**Work task**
Below are entries with pictures in them. Output exactly the lines starting at the line with "Saturday, April 30, 2022, Ottawa" and ending at the line with "Vintage red Blouse size S-M long sleeved", both included, but not the pictures.

**Extracted entries**
----------
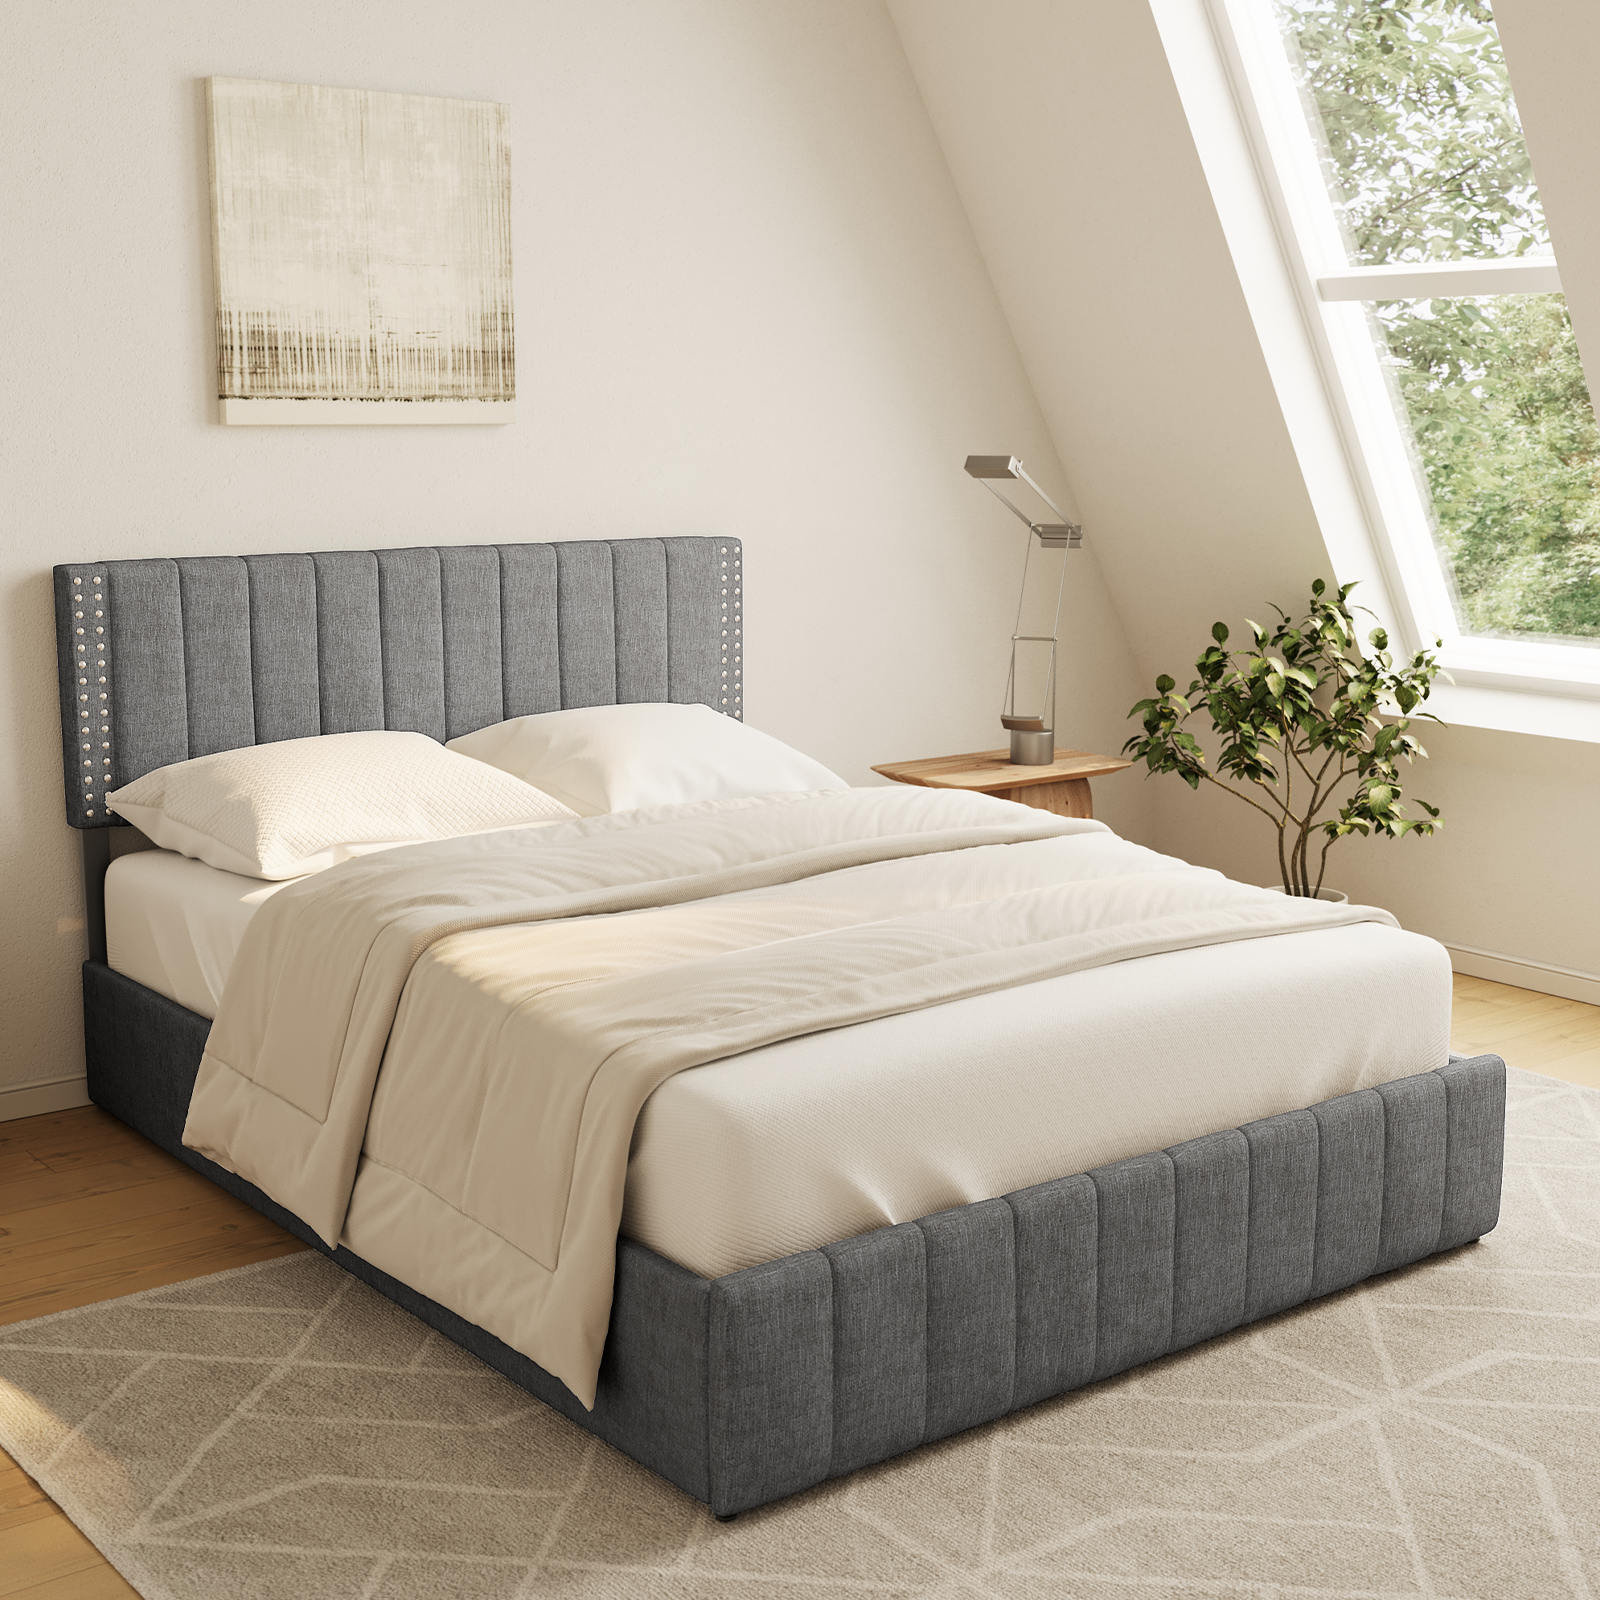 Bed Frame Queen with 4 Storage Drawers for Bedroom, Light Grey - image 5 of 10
----------
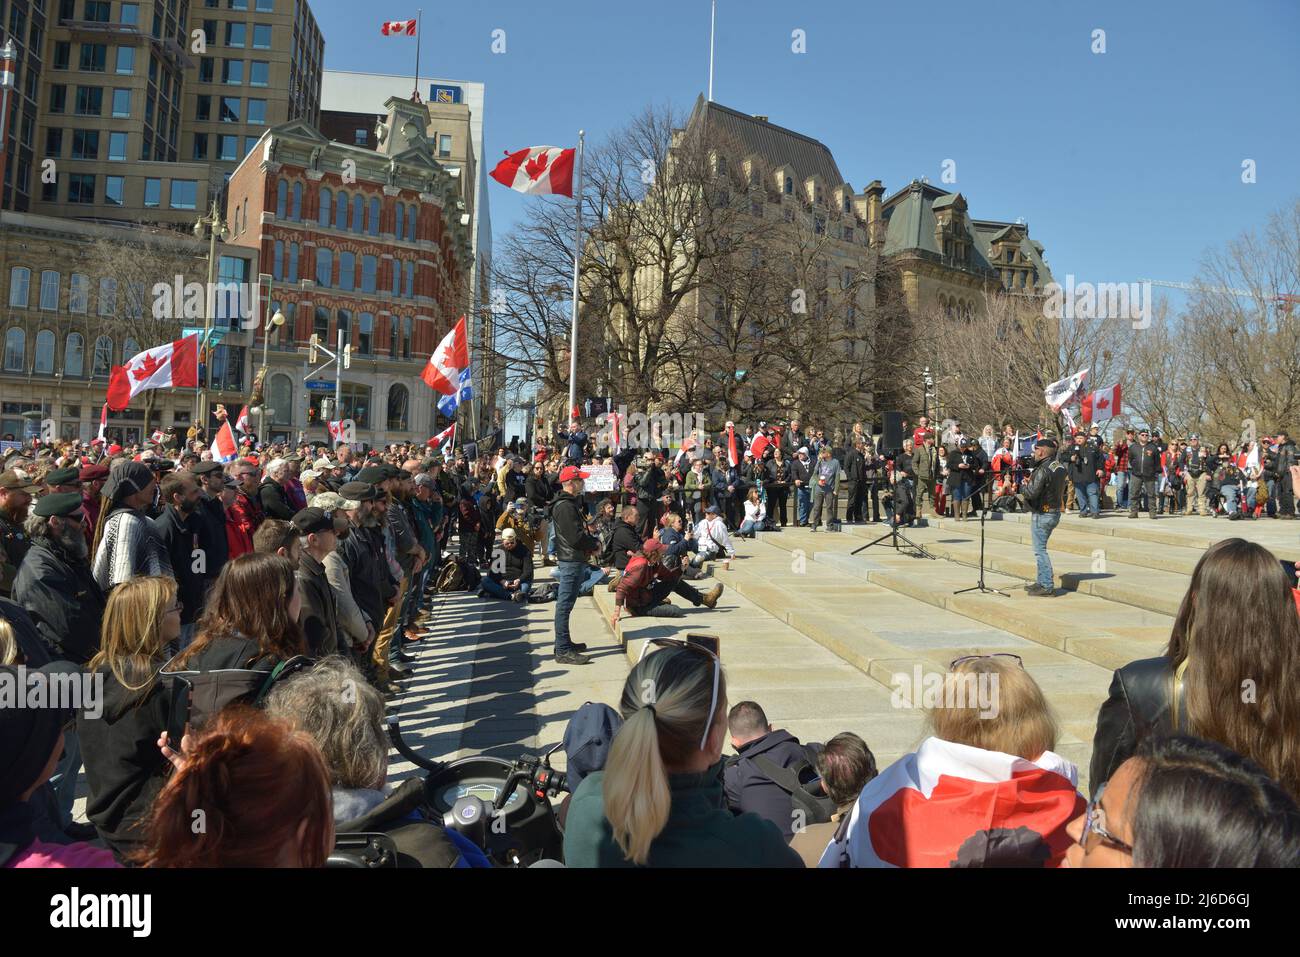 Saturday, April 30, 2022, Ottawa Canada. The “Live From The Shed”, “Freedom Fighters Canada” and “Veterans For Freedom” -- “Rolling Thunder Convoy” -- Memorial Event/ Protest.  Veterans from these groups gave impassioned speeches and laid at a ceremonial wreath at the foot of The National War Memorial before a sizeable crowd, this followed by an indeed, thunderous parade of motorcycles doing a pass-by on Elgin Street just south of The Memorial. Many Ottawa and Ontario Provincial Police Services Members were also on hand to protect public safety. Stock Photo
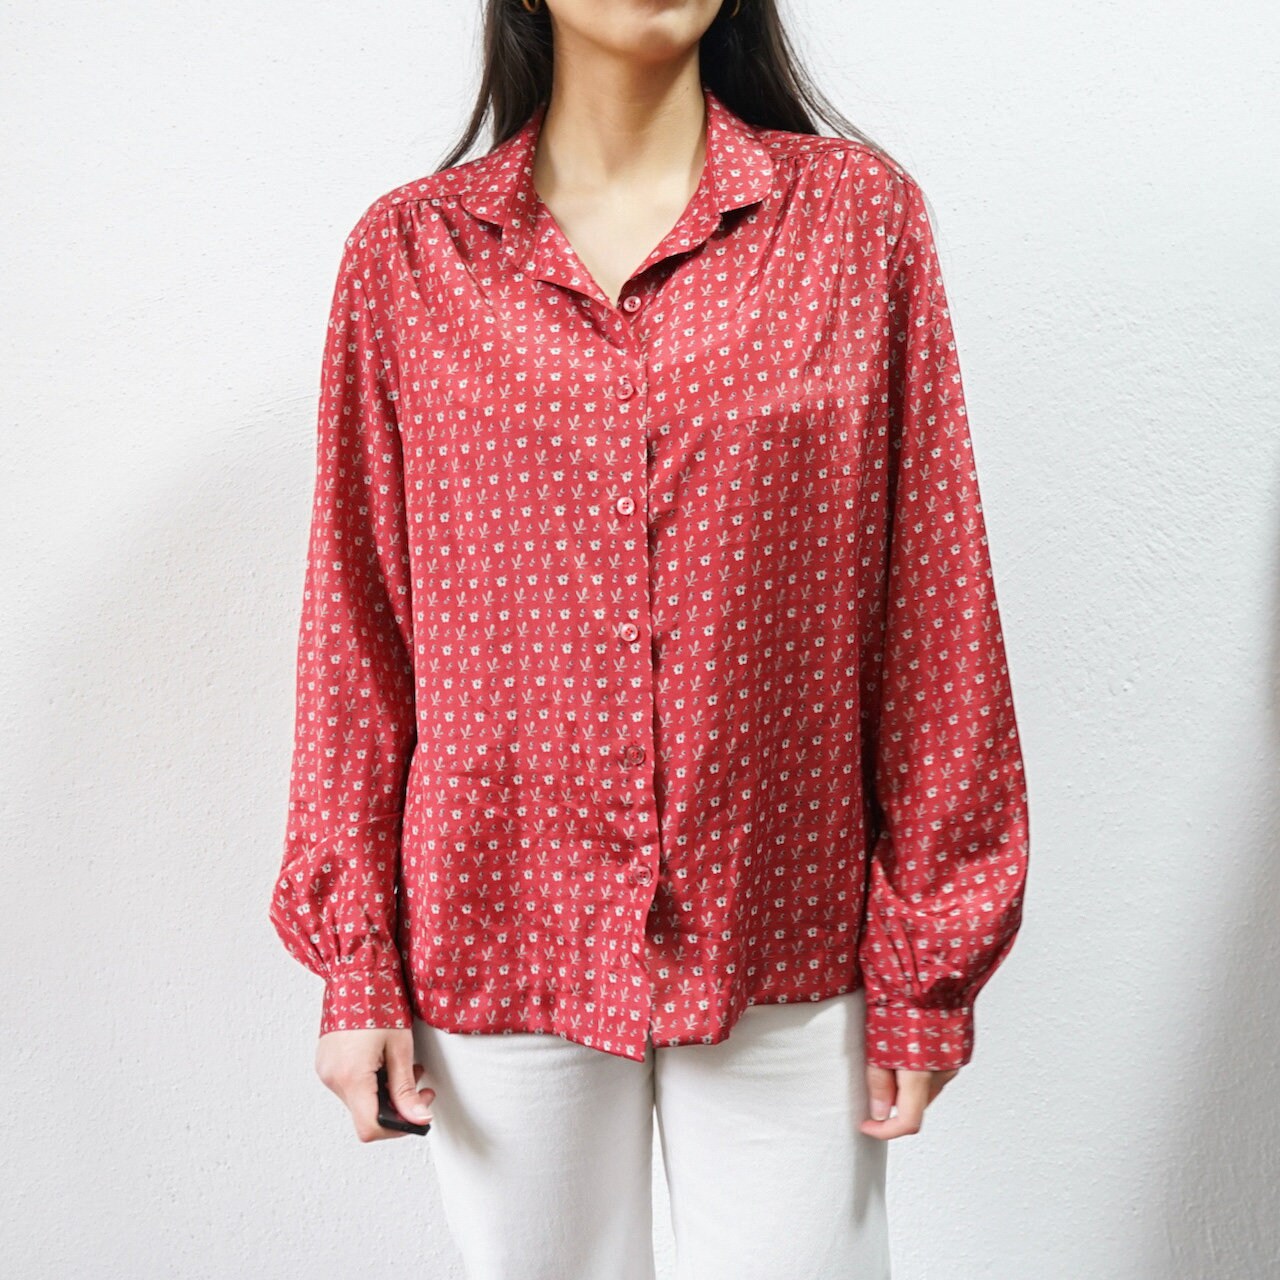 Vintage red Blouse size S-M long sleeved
----------
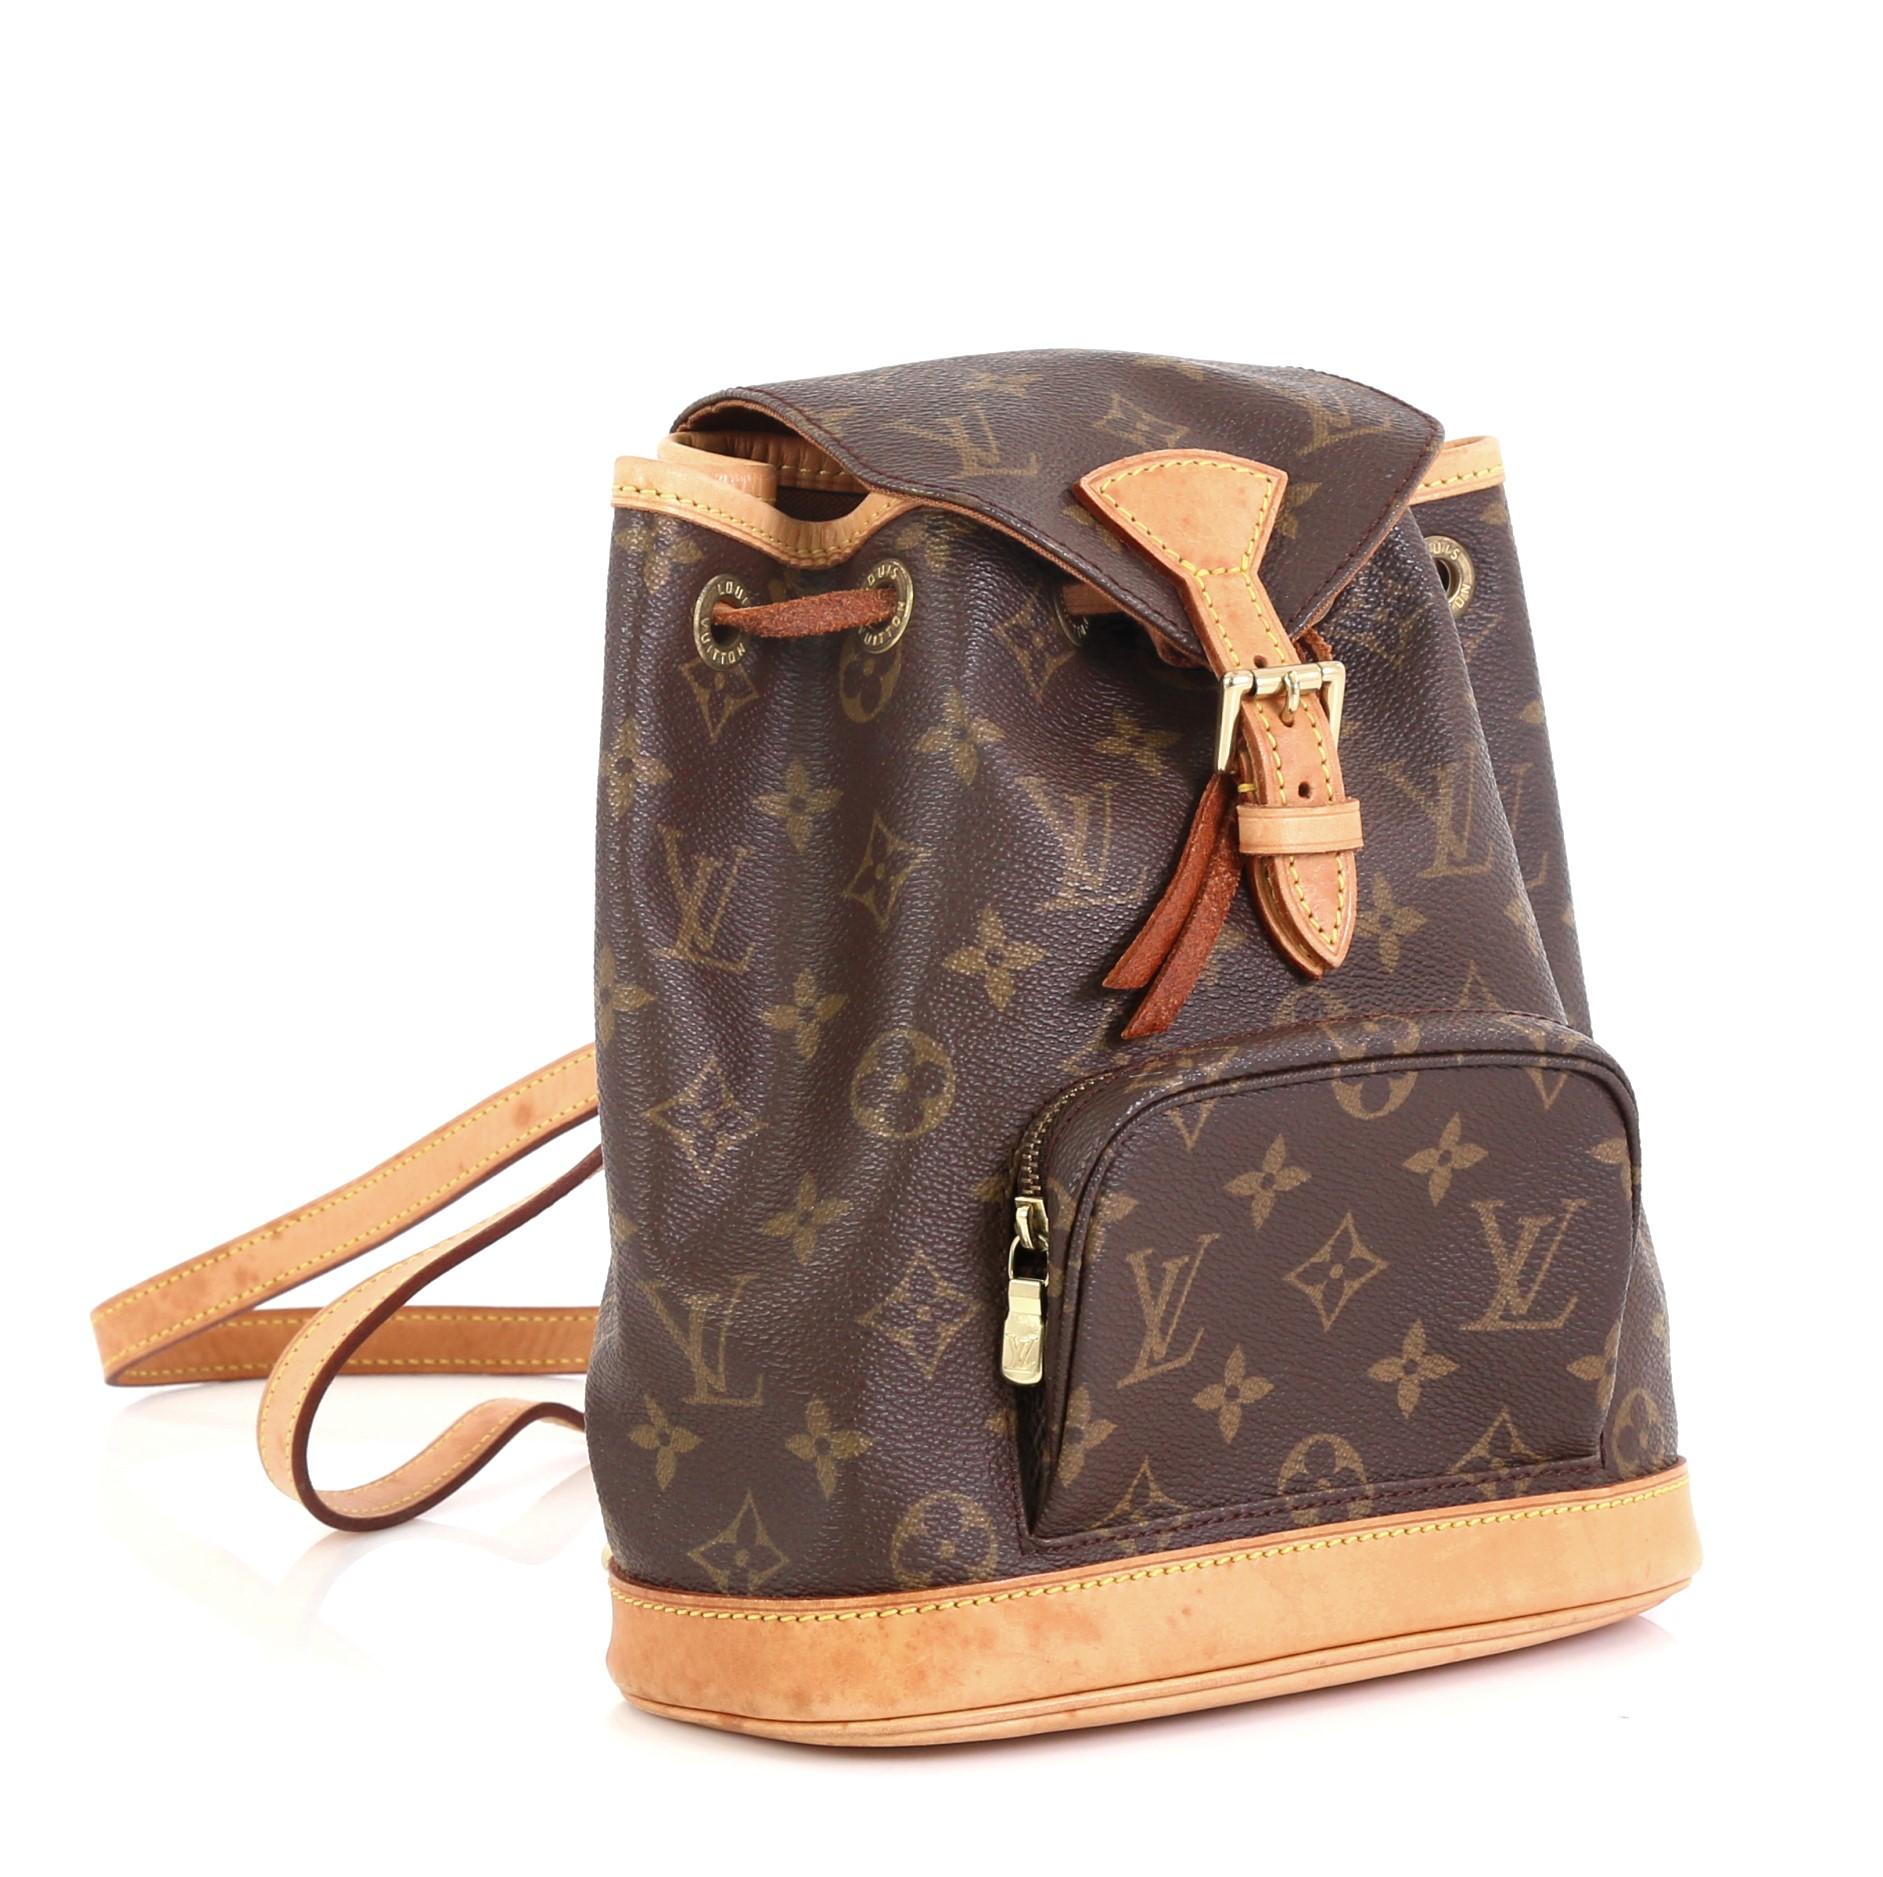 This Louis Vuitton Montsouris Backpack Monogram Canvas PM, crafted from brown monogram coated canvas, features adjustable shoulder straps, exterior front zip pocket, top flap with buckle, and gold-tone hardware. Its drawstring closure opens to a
----------
**Result**
 Saturday, April 30, 2022, Ottawa Canada. The “Live From The Shed”, “Freedom Fighters Canada” and “Veterans For Freedom” -- “Rolling Thunder Convoy” -- Memorial Event/ Protest.  Veterans from these groups gave impassioned speeches and laid at a ceremonial wreath at the foot of The National War Memorial before a sizeable crowd, this followed by an indeed, thunderous parade of motorcycles doing a pass-by on Elgin Street just south of The Memorial. Many Ottawa and Ontario Provincial Police Services Members were also on hand to protect public safety. Stock Photo
 Vintage red Blouse size S-M long sleeved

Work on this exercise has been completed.